Electric-Field-Treated Ni/Co3O4 Film as High-Performance Bifunctional Electrocatalysts for Efficient Overall Water Splitting

Junming Li; Jun Li; Jun Ren; Hong Hong; Dongxue Liu; Lizhe Liu; Dunhui Wang

doi:10.1007/s40820-022-00889-3

Electric-Field-Treated Ni/Co₃O₄ Film as High-Performance Bifunctional Electrocatalysts for Efficient Overall Water Splitting

Nanomicro Lett. 2022 Jul 22;14(1):148. doi: 10.1007/s40820-022-00889-3.

Authors

Junming Li¹, Jun Li¹, Jun Ren¹, Hong Hong¹, Dongxue Liu¹, Lizhe Liu¹, Dunhui Wang^{2

3}

Affiliations

¹ National Laboratory of Solid State Microstructures, Collaborative Innovation Center of Advanced Microstructures, Jiangsu Provincial Key Laboratory for Nanotechnology, School of Physics, Nanjing University, Nanjing, 210093, People's Republic of China.
² National Laboratory of Solid State Microstructures, Collaborative Innovation Center of Advanced Microstructures, Jiangsu Provincial Key Laboratory for Nanotechnology, School of Physics, Nanjing University, Nanjing, 210093, People's Republic of China. wangdh@hdu.edu.cn.
³ Hangzhou Dianzi University, Hangzhou, 310018, People's Republic of China. wangdh@hdu.edu.cn.

Abstract

Highlights:

A novel physical approach is proposed to enhance the electrocatalytic performance by electric field.
Under the action of electric field, some stable conductive filaments consisting of oxygen vacancies are formed in the Ni/Co₃O₄ film, which remarkably reduces the system resistivity.
The electric-field-treated Ni/Co₃O₄ material exhibits significantly superior activity and stability as a bifunctional electrocatalyst for overall water splitting, and its performance exceeds the state-of-the-art electrocatalysts.
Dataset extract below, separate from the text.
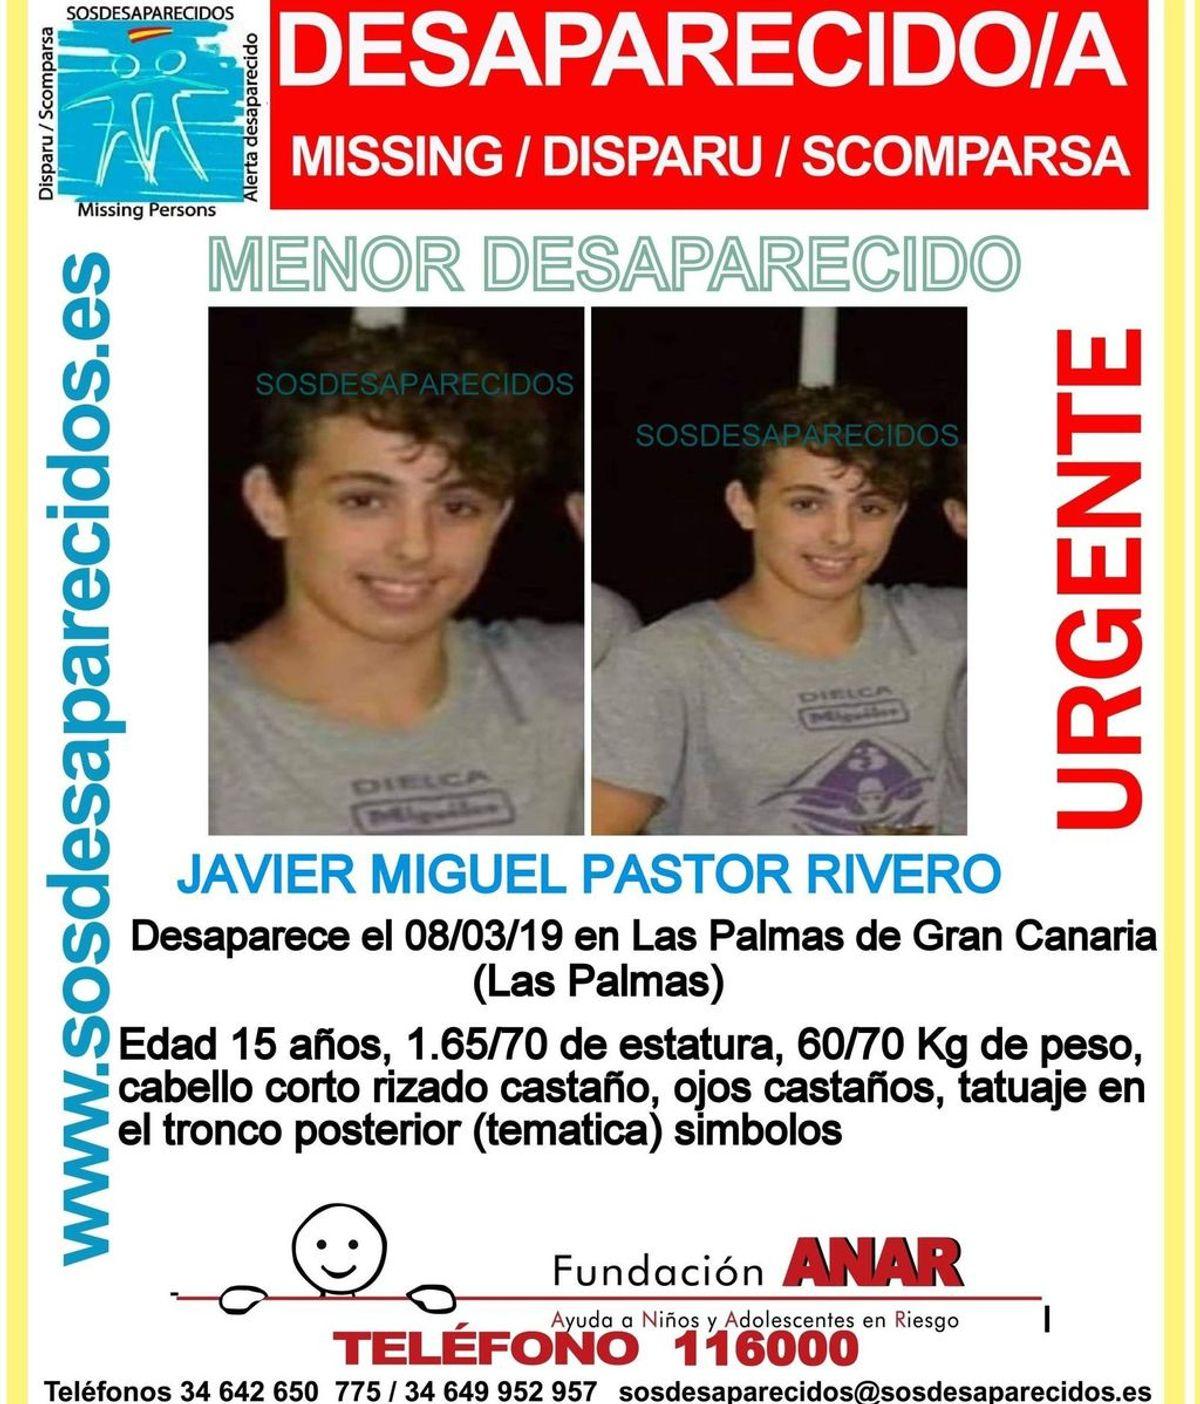 Buscan a Javier Miguel Pastor Rivero, un menor desaparecido en Las Palmas de Gran Canaria

Abstract: Rational design of bifunctional electrocatalysts for oxygen evolution reaction (OER) and hydrogen evolution reaction (HER) with excellent activity and stability is of great significance, since overall water splitting is a promising technology for sustainable conversion of clean energy. However, most electrocatalysts do not simultaneously possess optimal HER/OER activities and their electrical conductivities are intrinsically low, which limit the development of overall water splitting. In this paper, a strategy of electric field treatment is proposed and applied to Ni/Co₃O₄ film to develop a novel bifunctional electrocatalyst. After treated by electric field, the conductive channels consisting of oxygen vacancies are formed in the Co₃O₄ film, which remarkably reduces the resistance of the system by almost 2 × 10⁴ times. Meanwhile, the surface Ni metal electrode is partially oxidized to nickel oxide, which enhances the catalytic activity. The electric-field-treated Ni/Co₃O₄ material exhibits super outstanding performance of HER, OER, and overall water splitting, and the catalytic activity is significantly superior to the state-of-the-art noble metal catalysts (Pt/C, RuO₂, and RuO₂ ǁ Pt/C couple). This work provides an effective and feasible method for the development of novel and efficient bifunctional electrocatalyst, which is also promising for wide use in the field of catalysis.

Supplementary Information: The online version contains supplementary material available at 10.1007/s40820-022-00889-3.

Keywords: Bifunctional electrocatalyst; Co3O4 film; Electric field; Overall water splitting; Oxygen vacancies.